Robots.txt: The robots.txt file tells search engines which pages or sections of your site they should or should not crawl.
Technical SEO includes optimizing this file to ensure search engines can crawl and index all of your site’s important content.
How can I write a proper robots.txt?
Below is the proper format for robots.txt file, along with an explanation of each part and its implementation:
- Example: User-agent: *
- Example: Disallow: /admin/
This where you place the folders or directories that you don’t want search engines and bots to crawl. Please note that some bots don’t abide by this but most do.
This would disallow search engine robots from crawling any URLs that include “/admin/” in the URL path.
- Allow directive: This specifies which URLs should be crawled by search engine robots. This directive is optional, and if not used, search engine robots are allowed to crawl all URLs.
- Example: Allow: /images/
This is where you list the folders or directories that you want crawled by search engines and bots.
This would allow search engine robots to crawl URLs that include “/images/” in the URL path.
- Crawl-delay directive: This specifies the number of seconds that search engine robots should wait between requests. This directive is optional, and if not used, search engine robots are allowed to crawl at their default rate.
- Example: Crawl-delay: 10
This would instruct search engine robots to wait 10 seconds between requests.
- Example: Sitemap
Sitemap directive: This specifies the location of the XML sitemap for the website. This directive is optional, and if not used, search engine robots will look for the sitemap in the default location (/sitemap.xml).
This would specify the location of the XML sitemap for the website.

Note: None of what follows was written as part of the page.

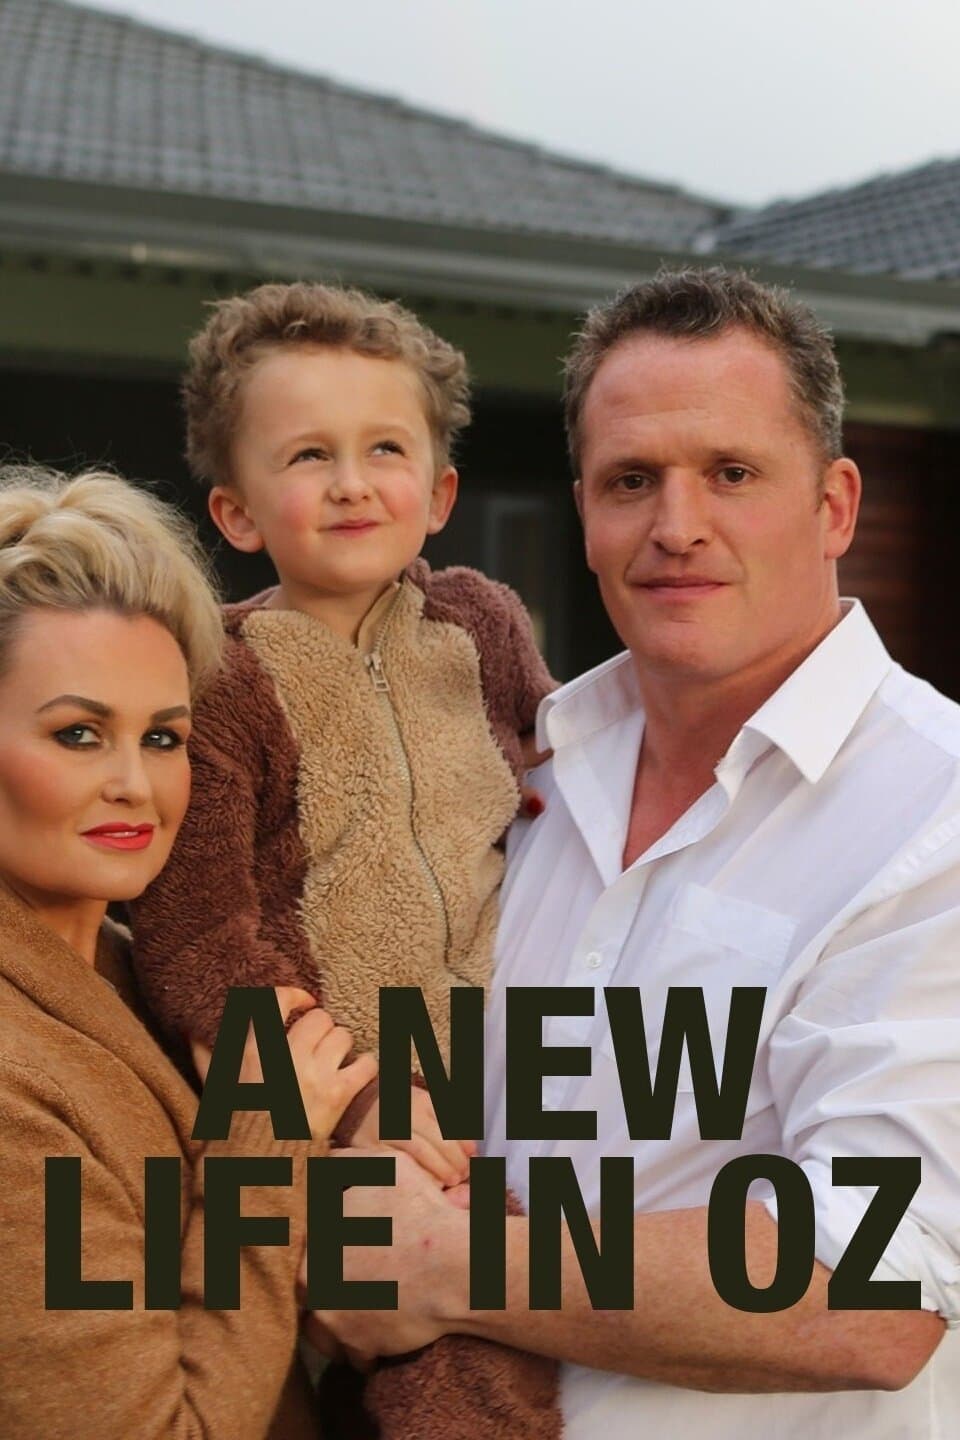 A New Life in Oz

A sample robots.txt file might look like this:
User-agent: * Disallow: /admin/ Allow: /images/ Crawl-delay: 10 Sitemap: https://example.com/sitemap.xml
This robots.txt file would apply to all search engine robots, disallow crawling of URLs with “/admin/” in the path, allow crawling of URLs with “/images/” in the path, instruct search engine robots to wait 10 seconds between requests, and specify the location of the XML sitemap.